Gros ne pensait plus qu’à l’amour. Il considérait que l’amour pourrait sauver les Hommes. Un soir, après avoir admiré Pal et Laura dans leur cachette, il rejoignit ses camarades dans les dortoirs où se tenaient toujours d’interminables conversations. Effectivement, il trouva Stanislas, Denis, Aimé, Faron, Key, Claude, Frank et Jos, étendus sur les lits, les mains derrière la tête, en pleine discussion.

— De quoi vous parlez ? demanda Gros en entrant.

— On parle de filles, répondit Frank.

Gros esquissa un sourire. Sans le savoir, ses camarades parlaient d’amour, et l’amour les sauverait.

— Je me demande si on retrouvera les Norvégiennes, déclara Jos. Moi, je les aimais bien.

— Les Norvégiennes… soupira gaiement Key. Je me demande ce qu’on aurait fait à Lochailort si elles n’avaient pas été là.

— La même chose, répondit Denis, pragmatique. Courir et courir.

Les plus jeunes, Gros, Key, Faron et Claude, savaient que ce n’était pas vrai : ils s’étaient parfois faits beaux, simplement parce qu’ils risquaient de les croiser et qu’ils ne voulaient pas avoir l’air misérables.

— Ah, mes gamins ! s’exclama Aimé. Vous êtes tous de vrais gamins. Un jour, vous vous marierez, et c’en sera fini de la petite drague. J’espère que je serai invité aux mariages…

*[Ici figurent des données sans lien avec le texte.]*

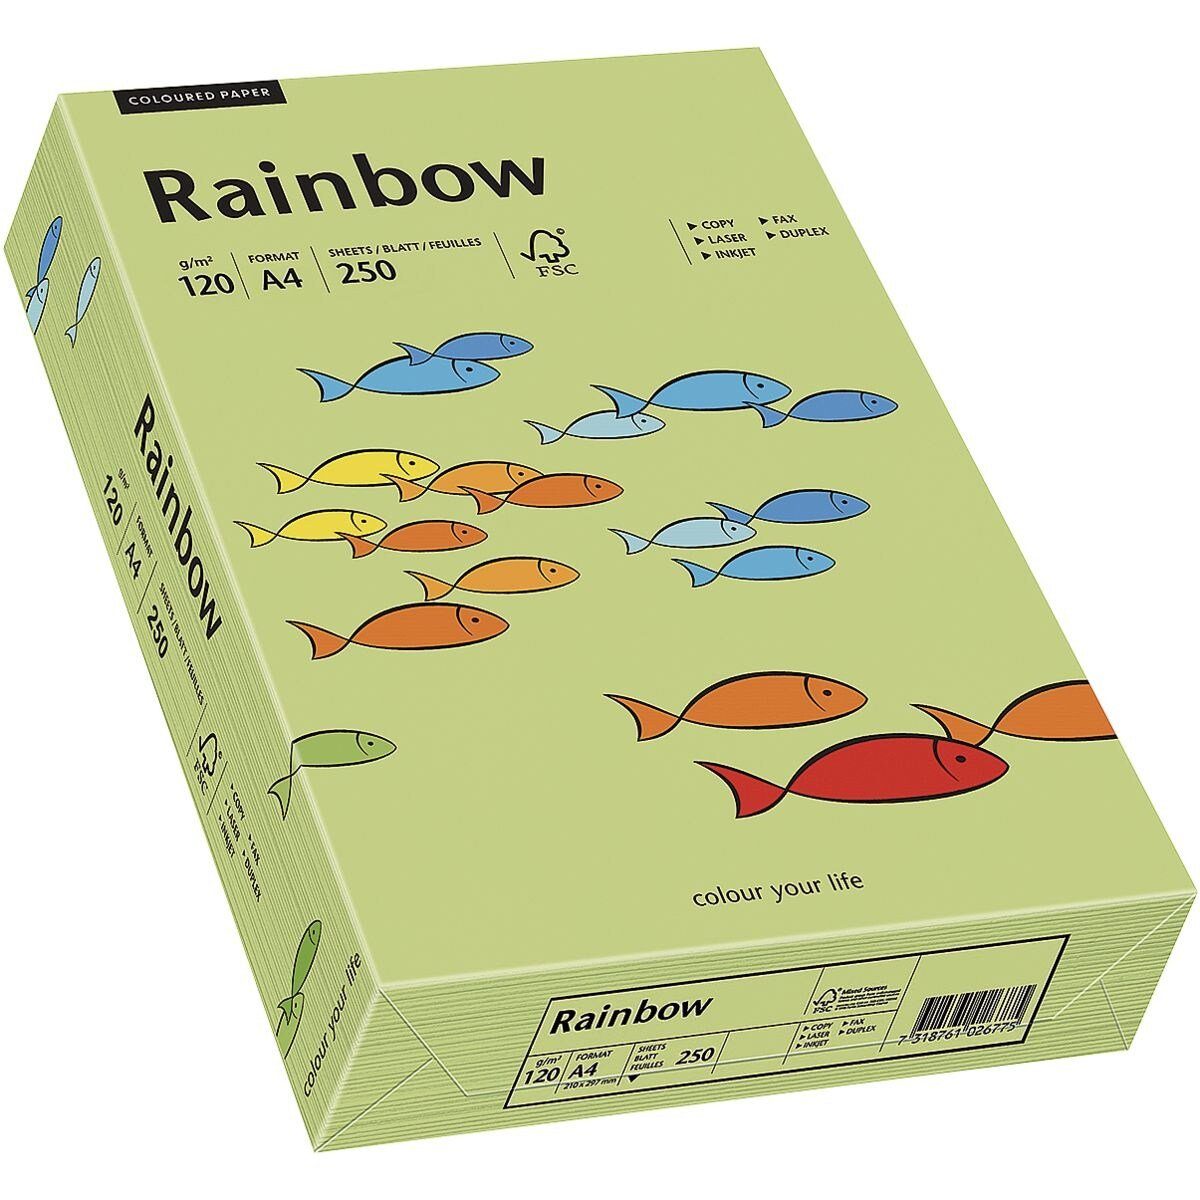 Inapa tecno Drucker- und Blatt Kopierpapier Rainbow DIN Intensivfarben, Format A4, g/m², Colors, tecno leuchtendgrün 250 / 120
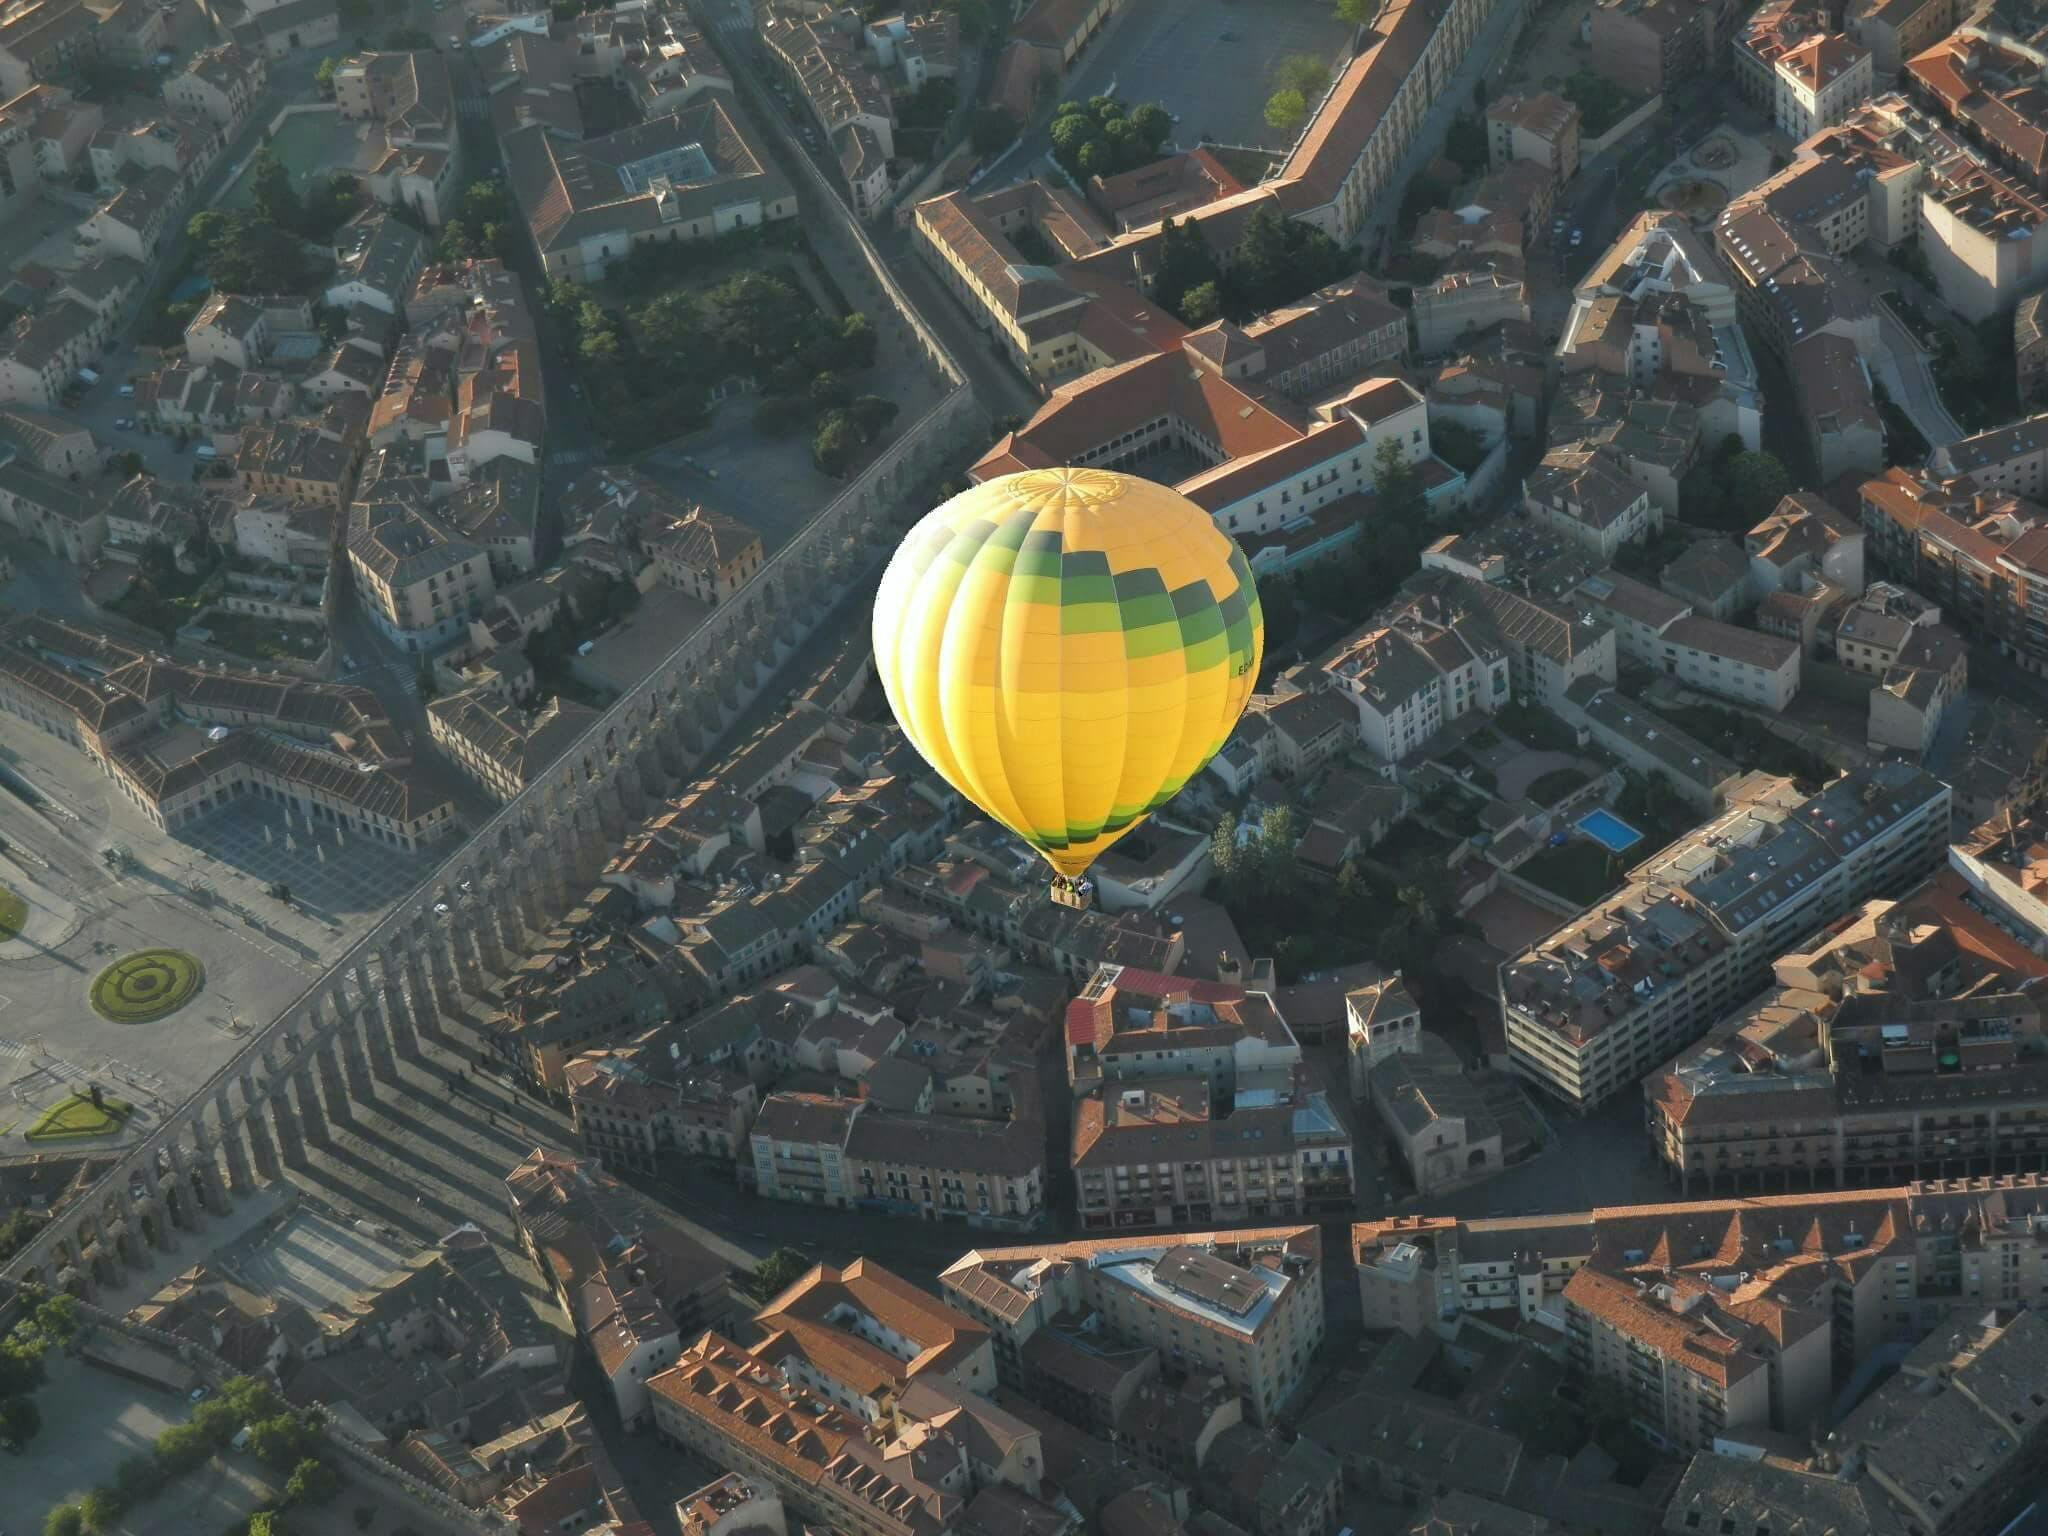 Lot balonem na ogrzane powietrze w Segowii

— T’en seras, dit Key. Vous en serez tous.

Denis sourit d’aise.

— T’es marié, toi ? lui demanda Aimé.

— Une femme et deux gamins qui m’attendent bien sagement au Canada.

— Ils te manquent, hein ?

— Bien sûr qu’ils me manquent. Dieu ! C’est ma famille, quoi… Monde de malheur, je vous dis.

— Quel âge ils ont, tes gamins ?

— Douze et quinze. (S’adressant aux plus jeunes.) Vous me rappelez un peu les miens. Ils seront bientôt des petits hommes, eux aussi.